Your copy of the listing should be exact and should contain no pictures.

AVAILABLE DATA:
________________________
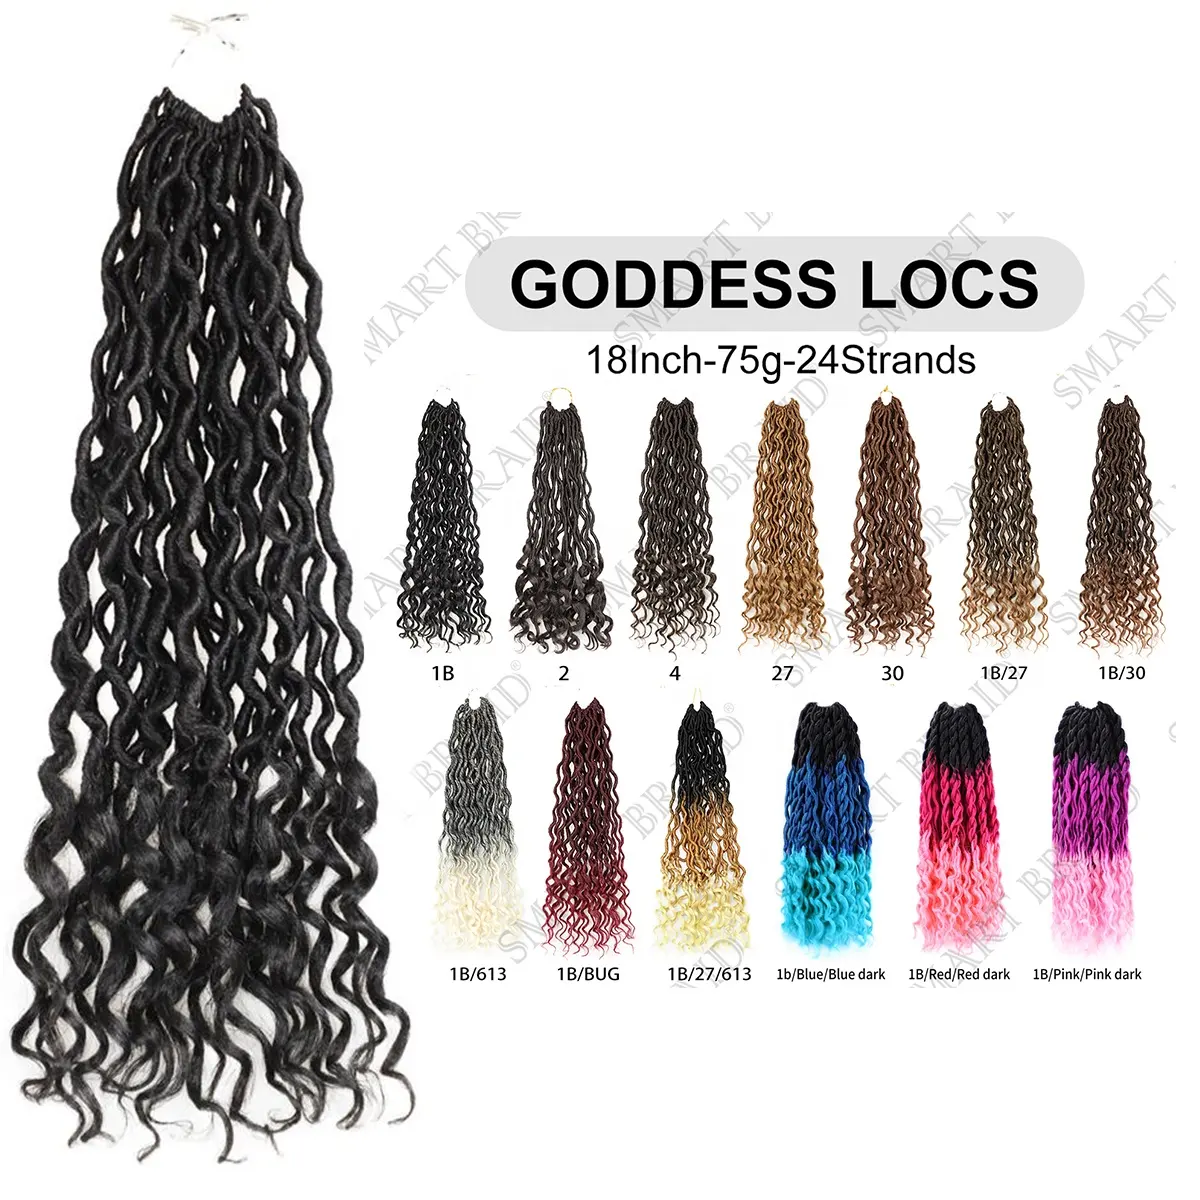 Wavy Goddess Locs Curly Crochet Braids Synthetic Crochet Braids Ombre Braiding Hair Faux Locks 16 inch
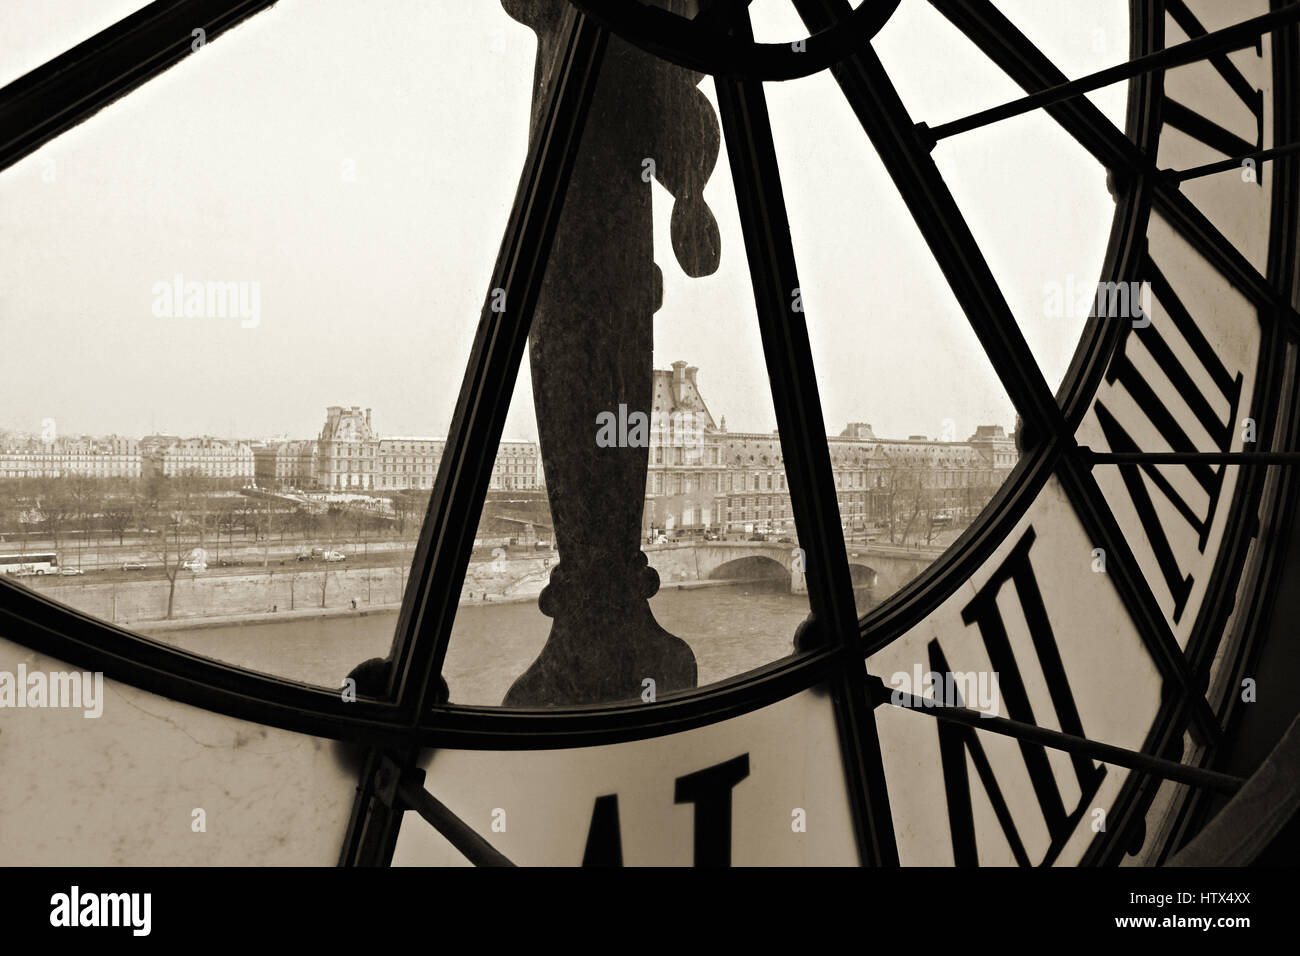 Clock in Orsay museum Paris, France Stock Photo
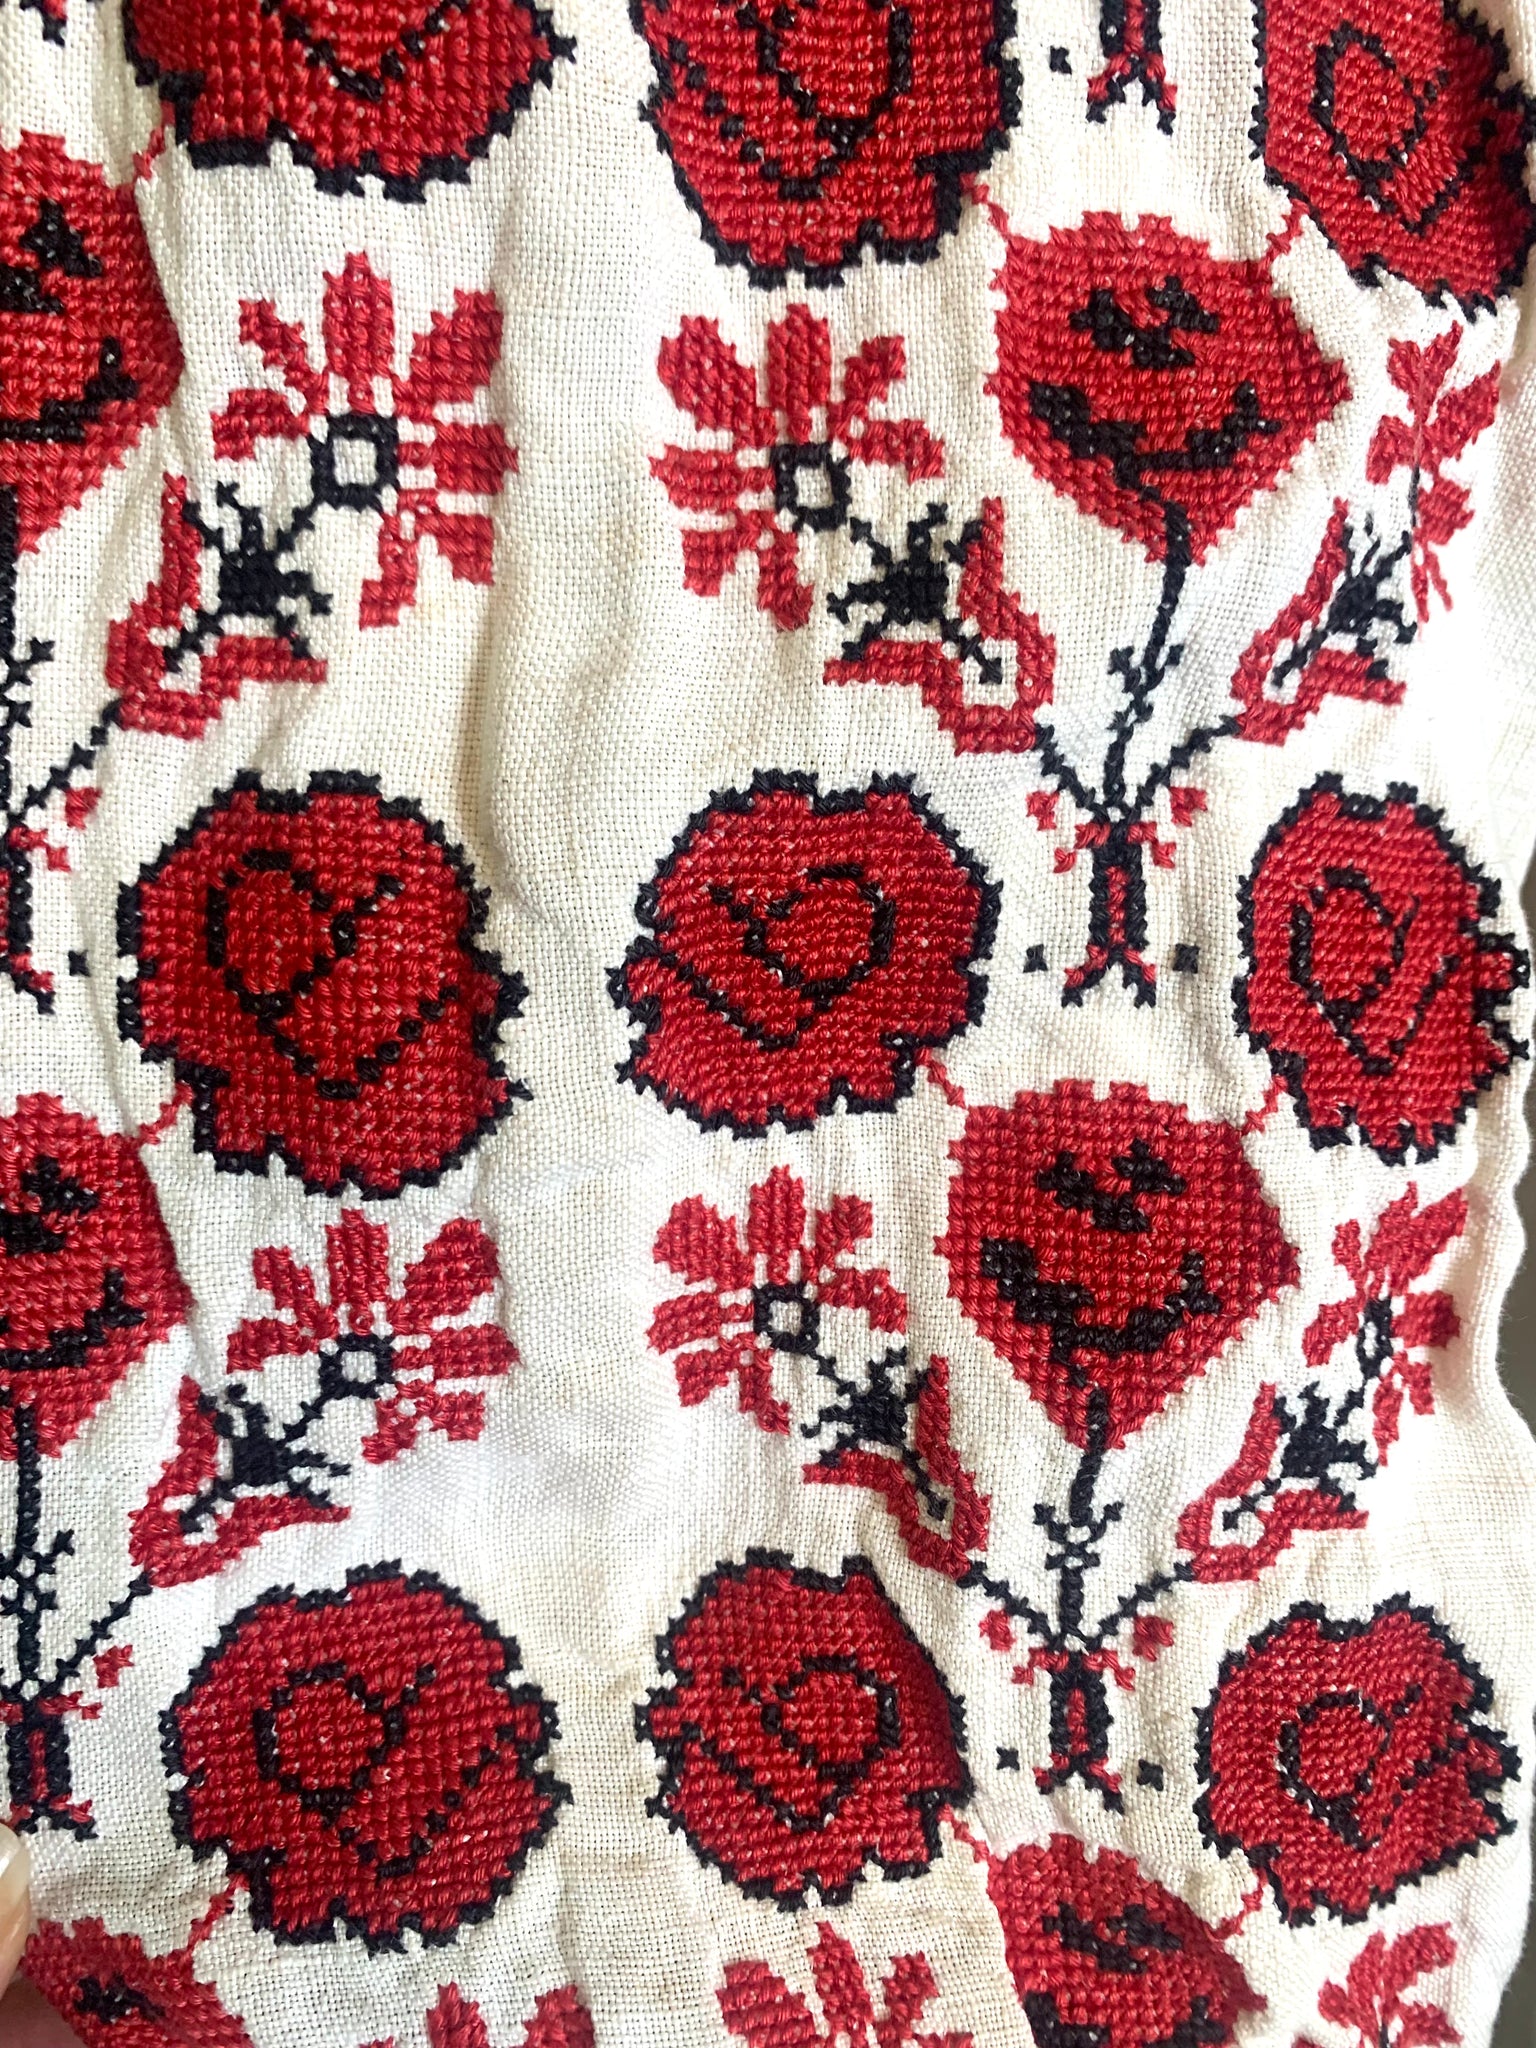  Traditonal Ukranian 1920s Red Cross Stitch Vyshyvanka Dress EMBROIDERY 4 of 6
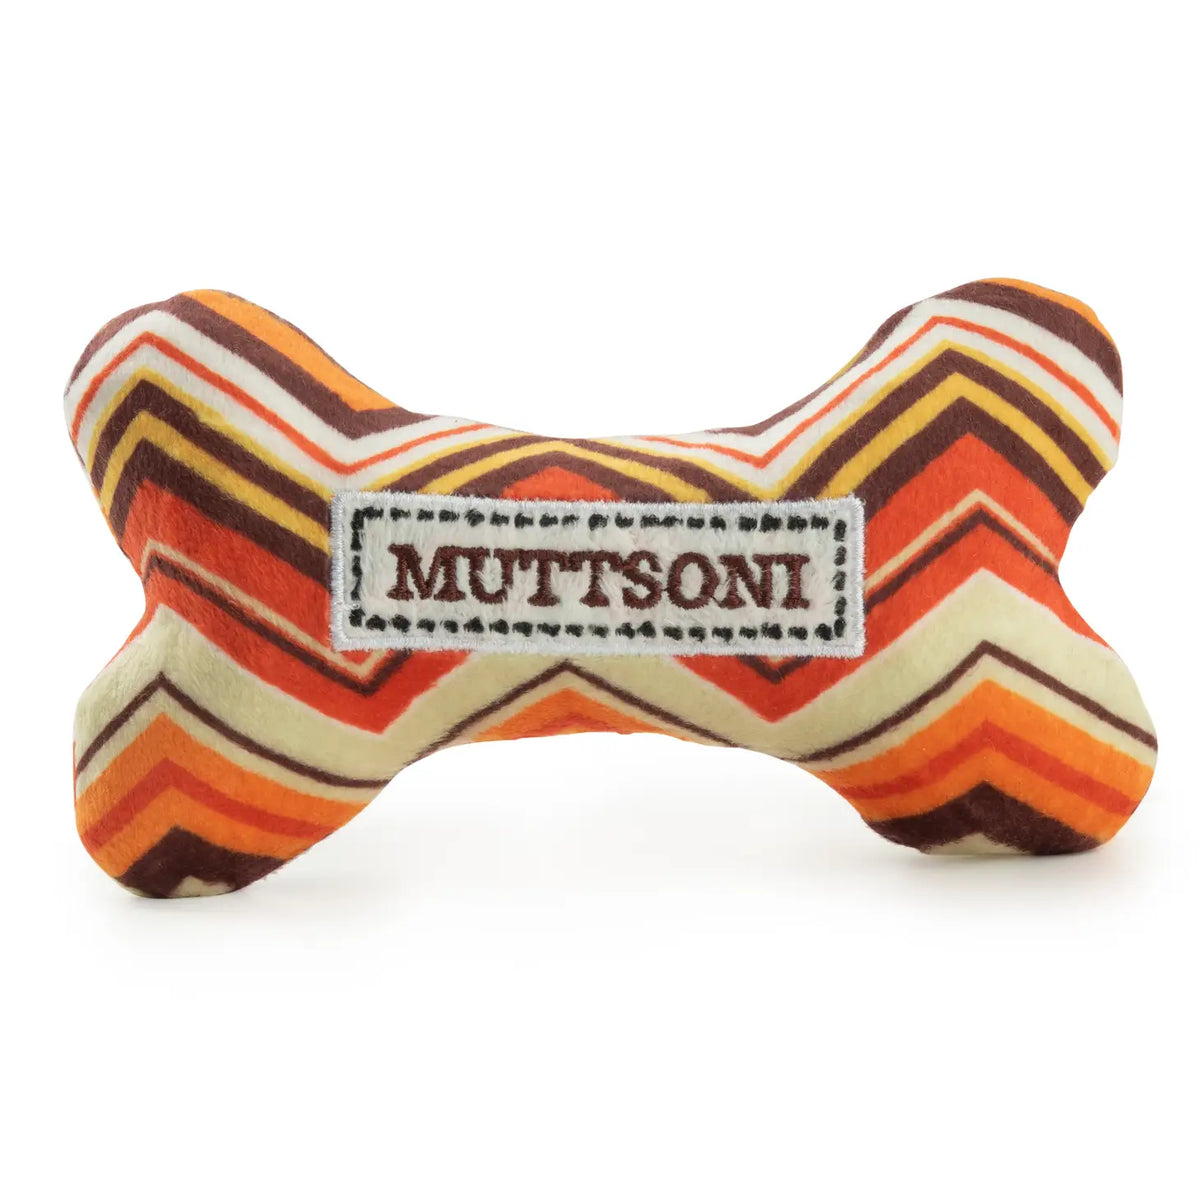 Haute Diggity Dog - Muttsoni Bone Plush Dog Toy
________________________
SOLUTION:
 Wavy Goddess Locs Curly Crochet Braids Synthetic Crochet Braids Ombre Braiding Hair Faux Locks 16 inch
 Clock in Orsay museum Paris, France Stock Photo
  Traditonal Ukranian 1920s Red Cross Stitch Vyshyvanka Dress EMBROIDERY 4 of 6
 Haute Diggity Dog - Muttsoni Bone Plush Dog Toy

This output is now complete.